EXERCISE —
Everything in the listing below except the pictures should be reproduced exactly.

DATA PROVIDED —
· · · · · · ·
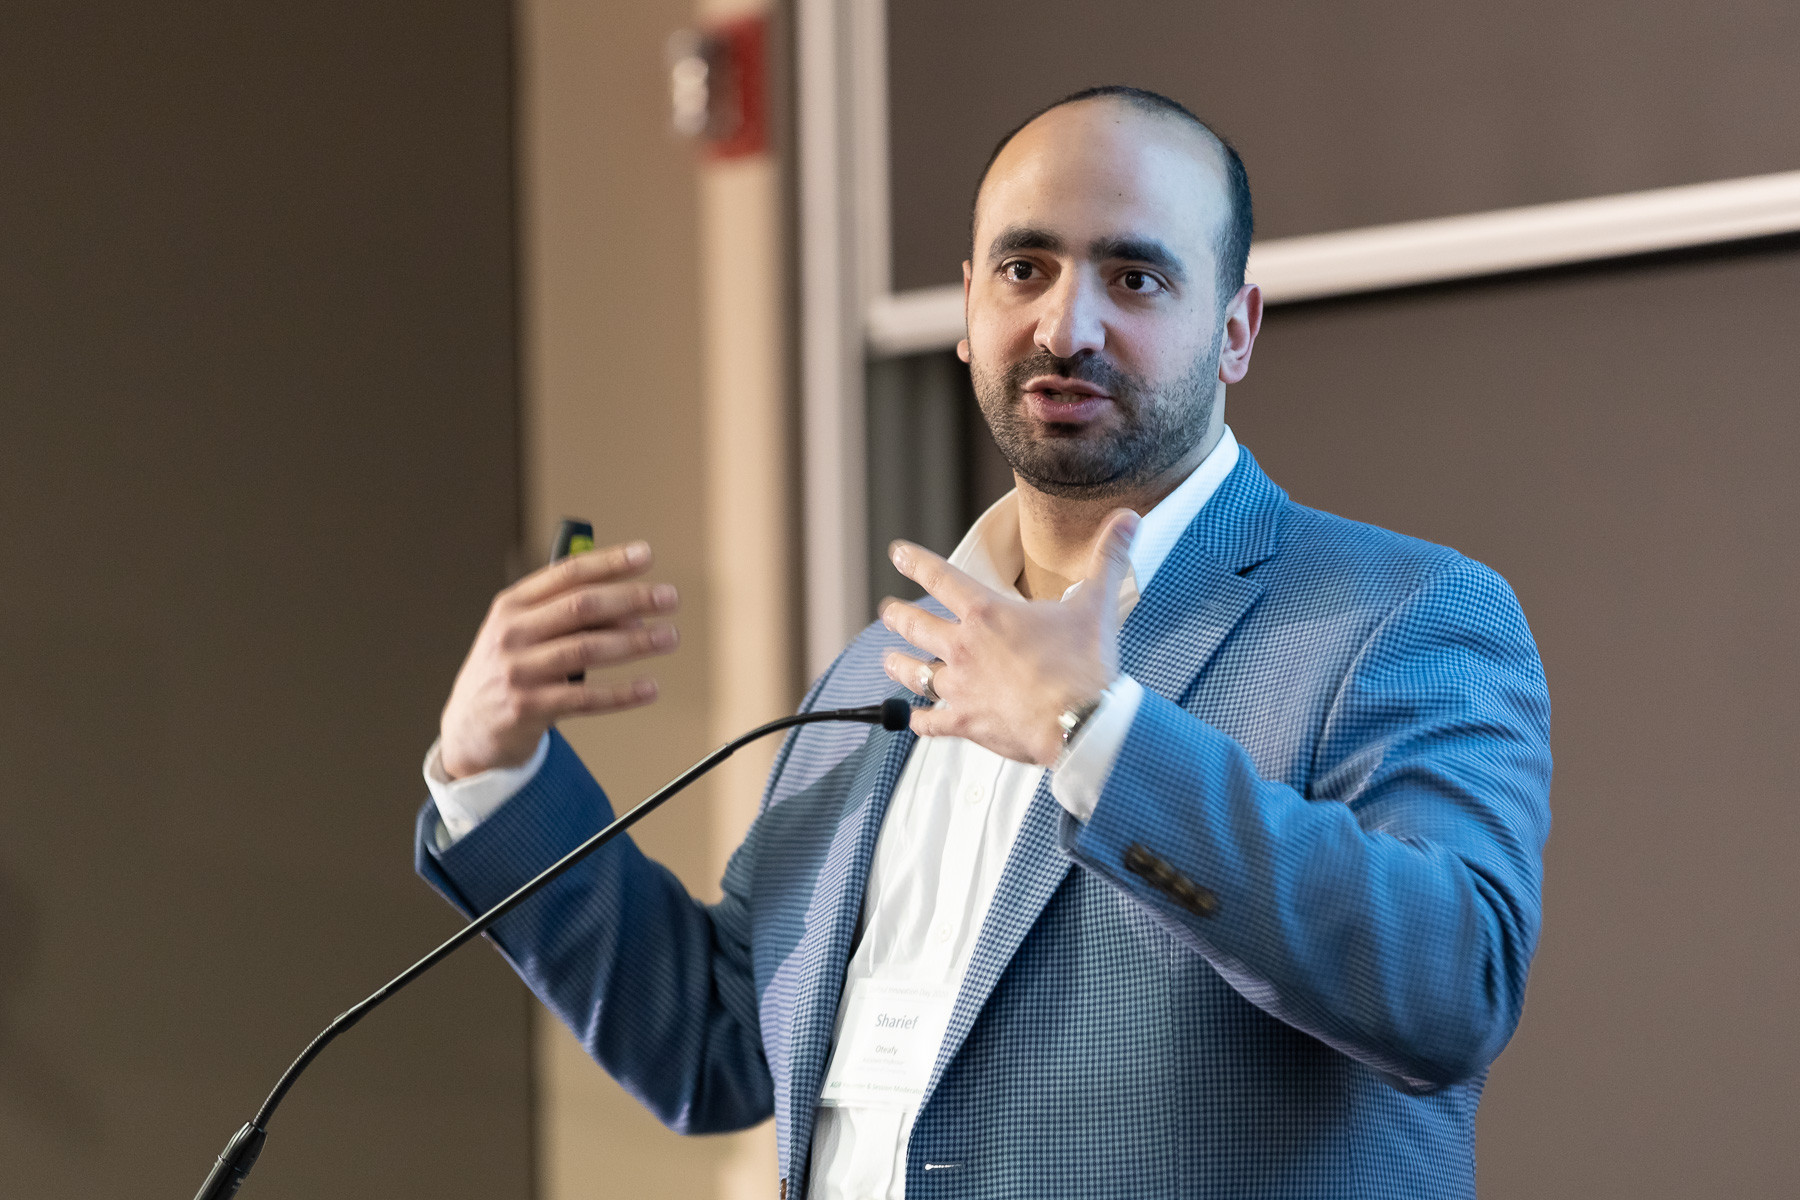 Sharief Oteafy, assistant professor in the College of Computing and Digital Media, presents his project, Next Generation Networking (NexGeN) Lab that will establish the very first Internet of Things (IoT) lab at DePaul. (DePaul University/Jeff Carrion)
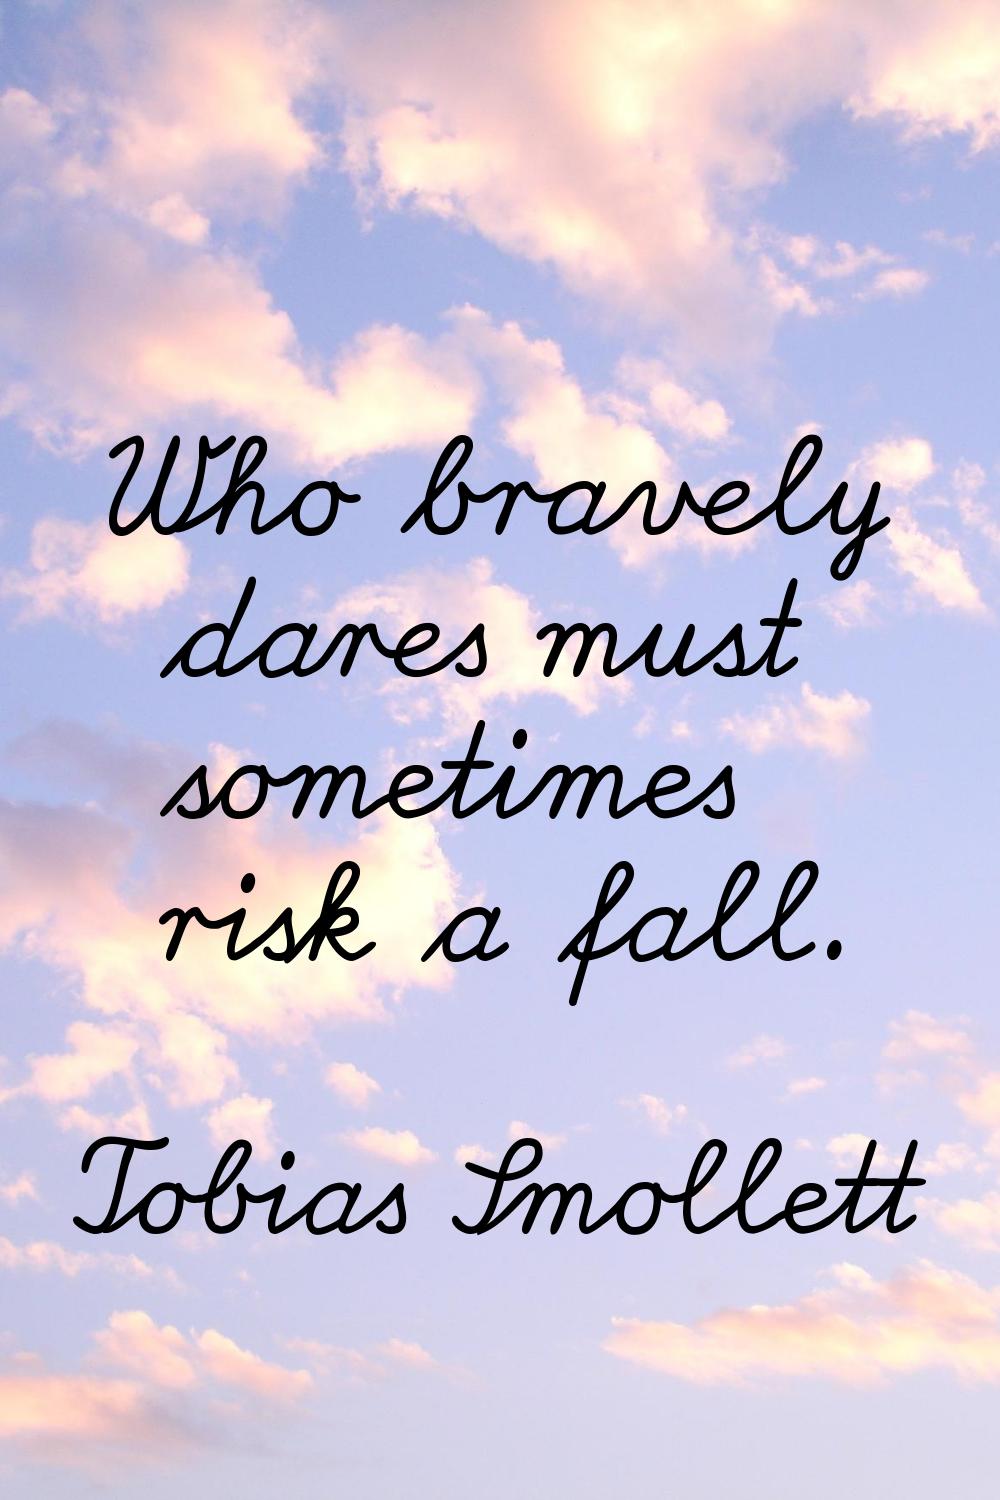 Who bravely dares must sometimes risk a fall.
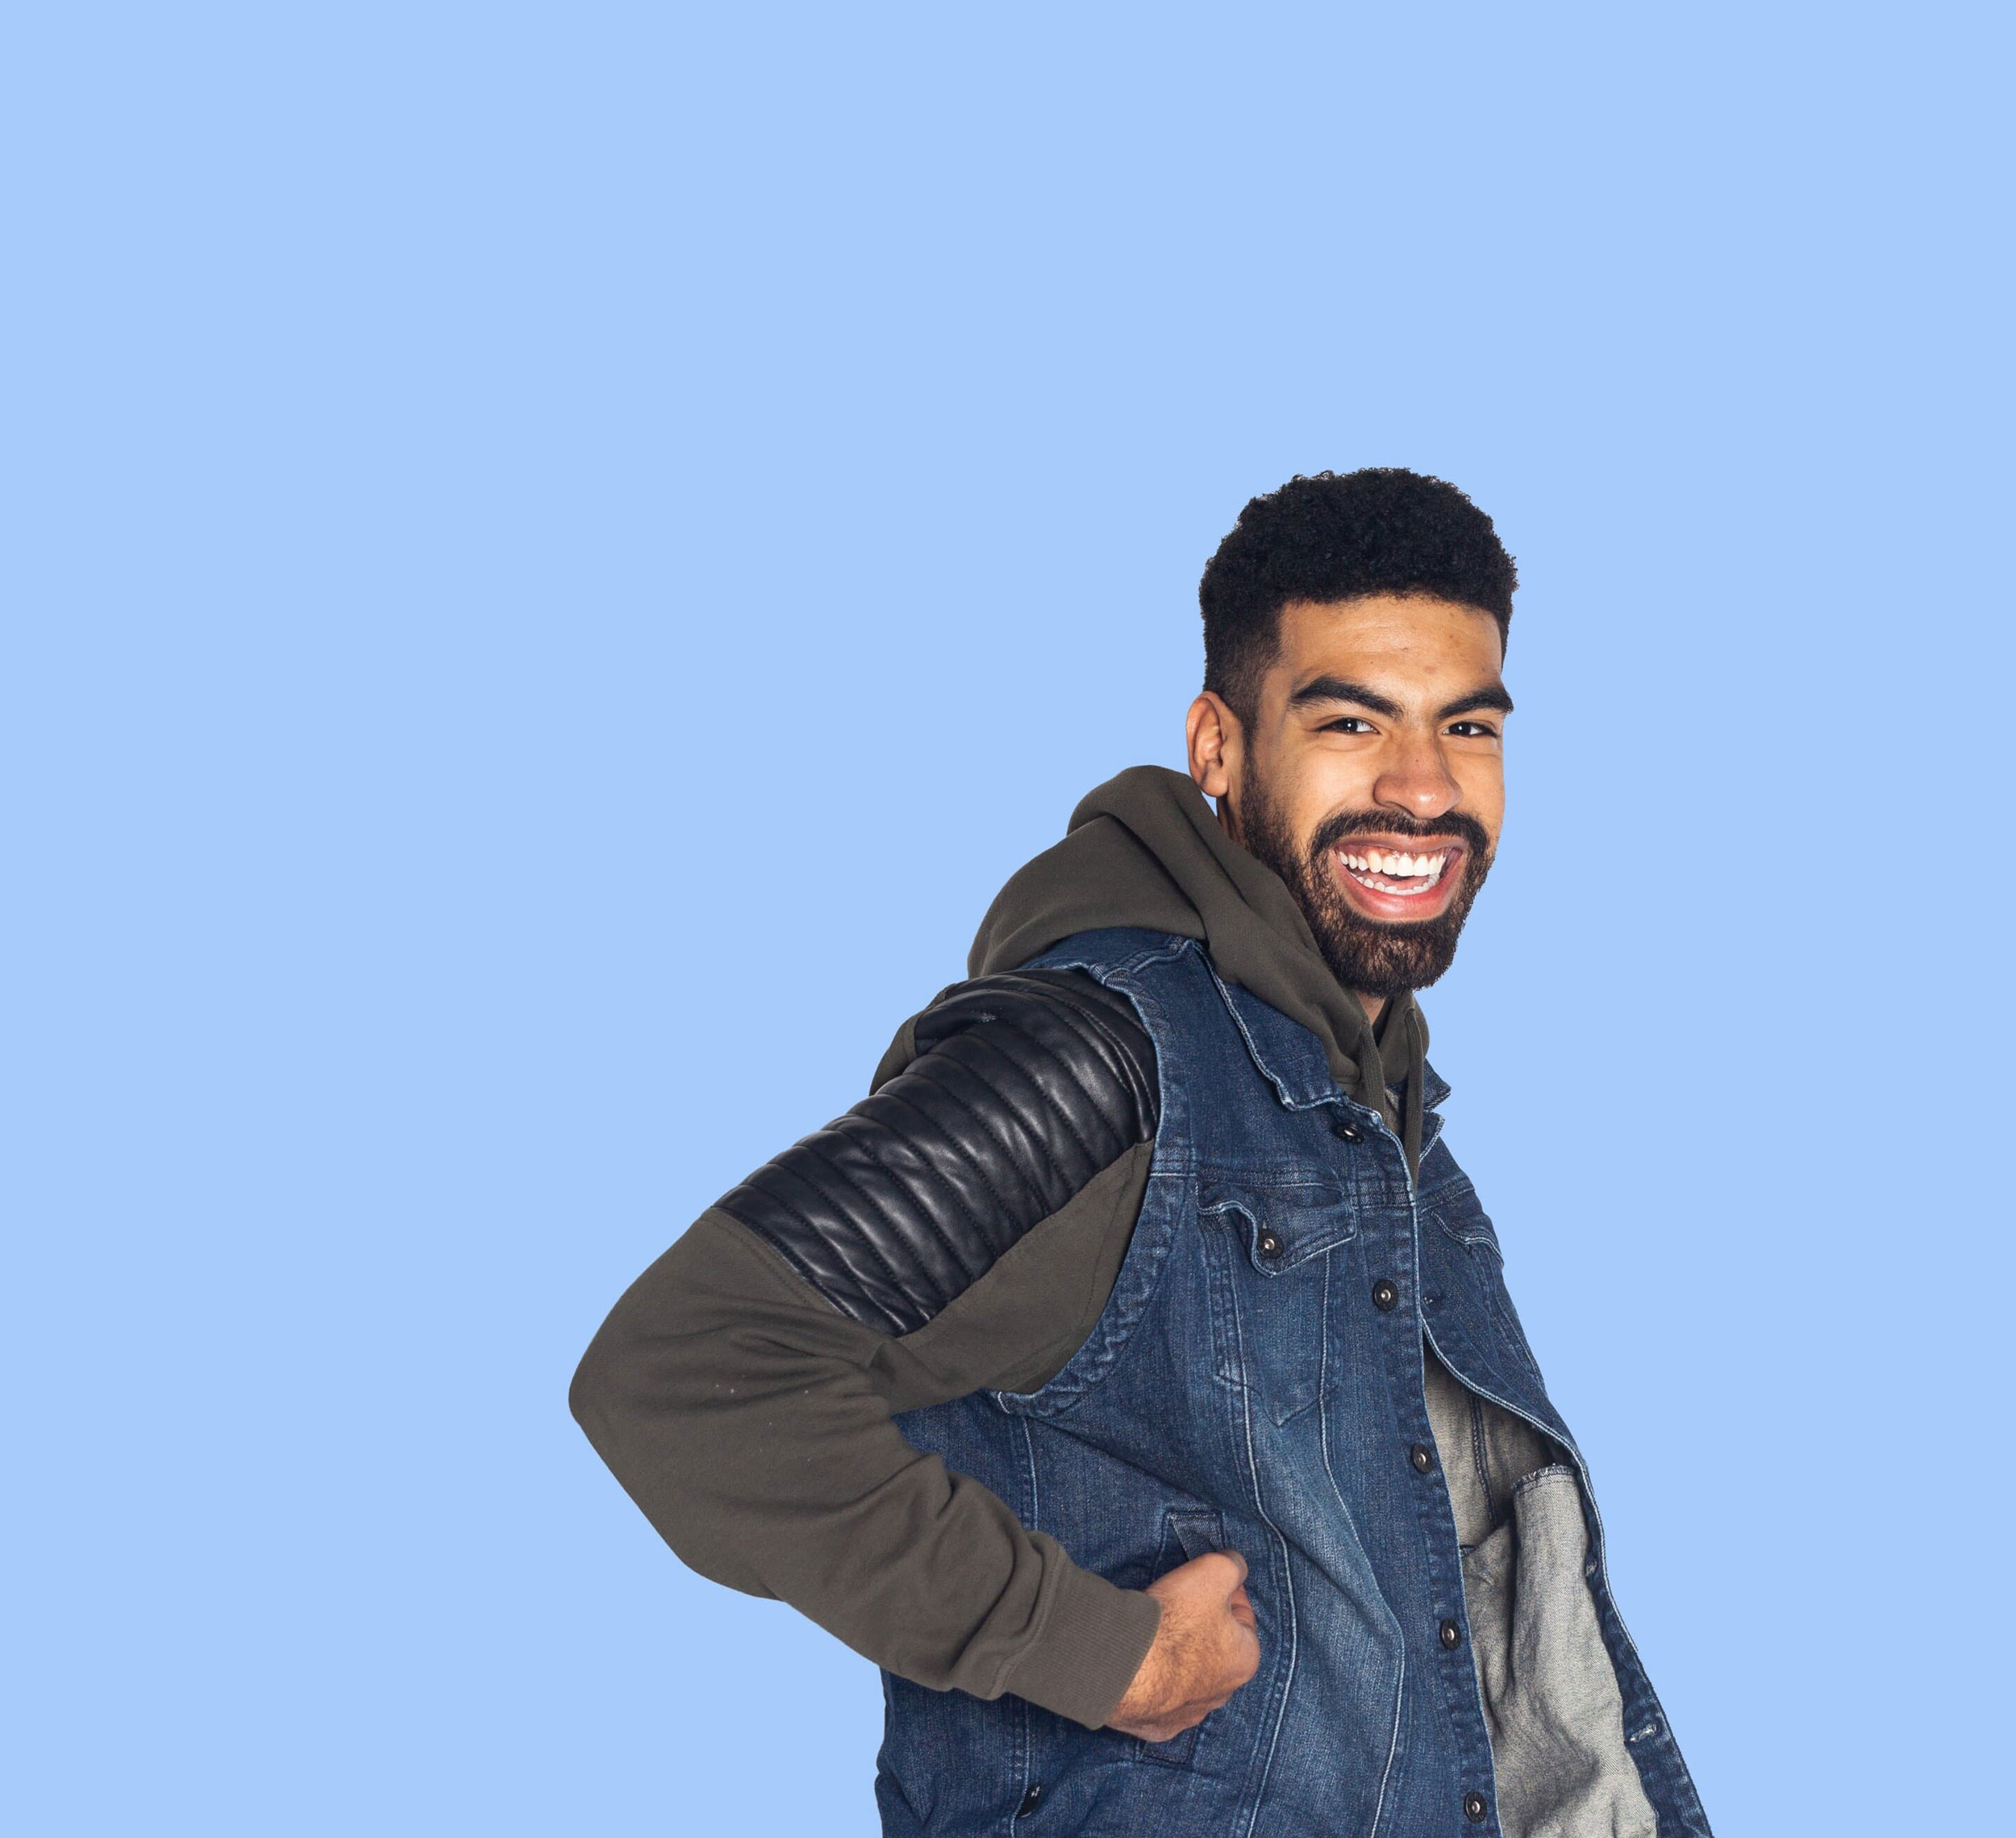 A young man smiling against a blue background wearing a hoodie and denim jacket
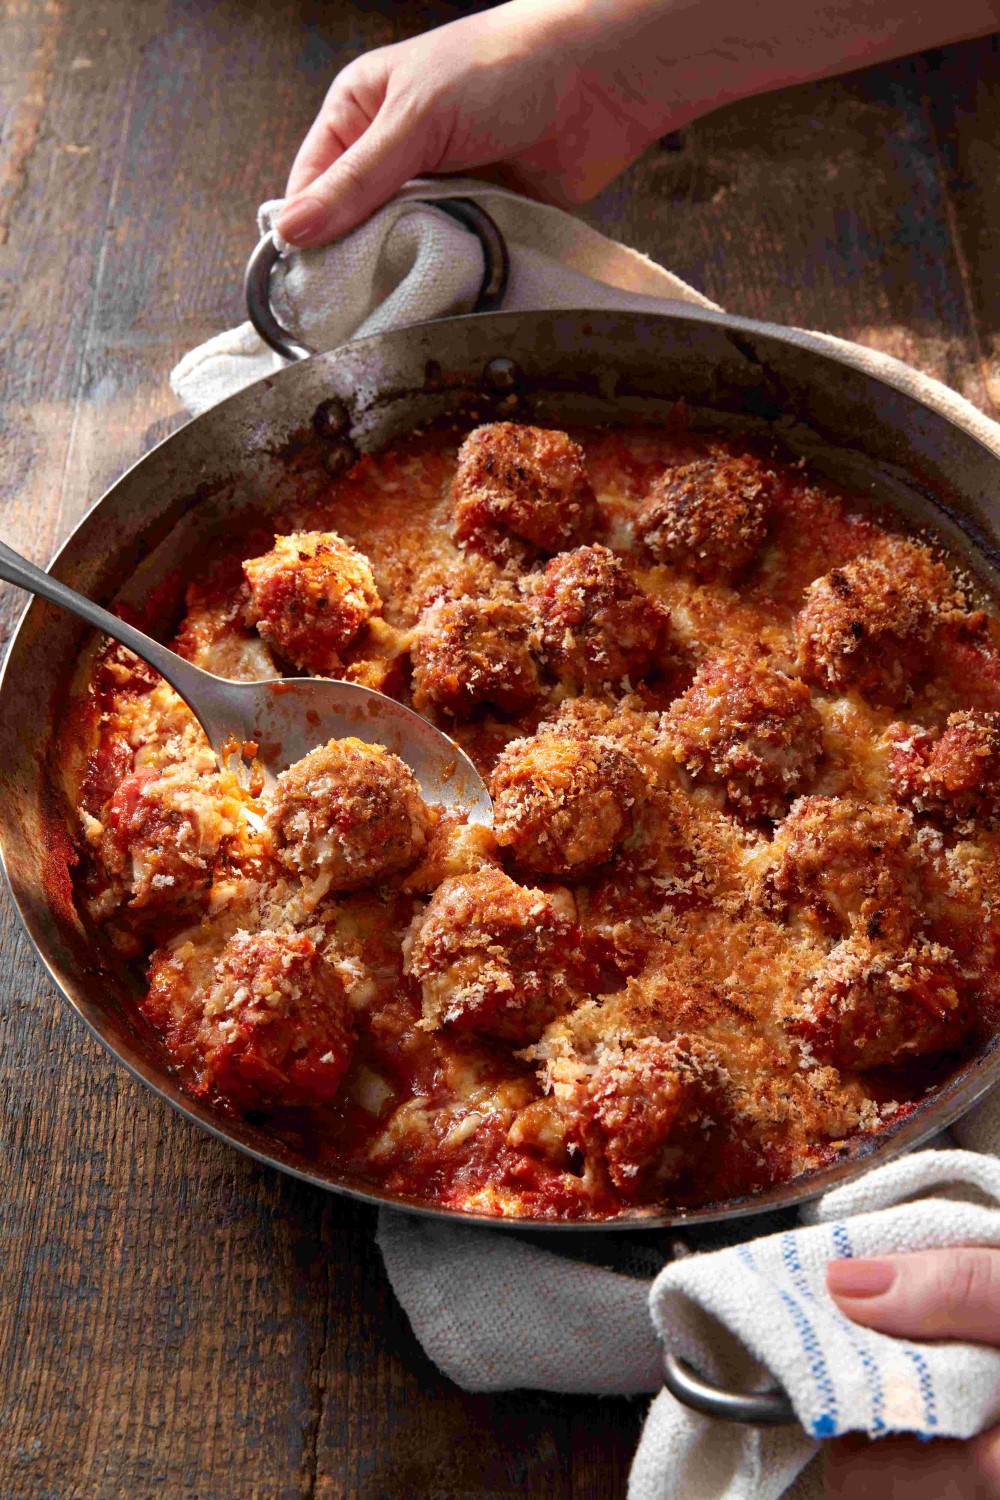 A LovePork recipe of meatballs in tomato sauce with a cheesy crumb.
· · · · · · ·
RESPONSE TO THE TASK —
 Sharief Oteafy, assistant professor in the College of Computing and Digital Media, presents his project, Next Generation Networking (NexGeN) Lab that will establish the very first Internet of Things (IoT) lab at DePaul. (DePaul University/Jeff Carrion)
 Who bravely dares must sometimes risk a fall.
 A young man smiling against a blue background wearing a hoodie and denim jacket
 A LovePork recipe of meatballs in tomato sauce with a cheesy crumb.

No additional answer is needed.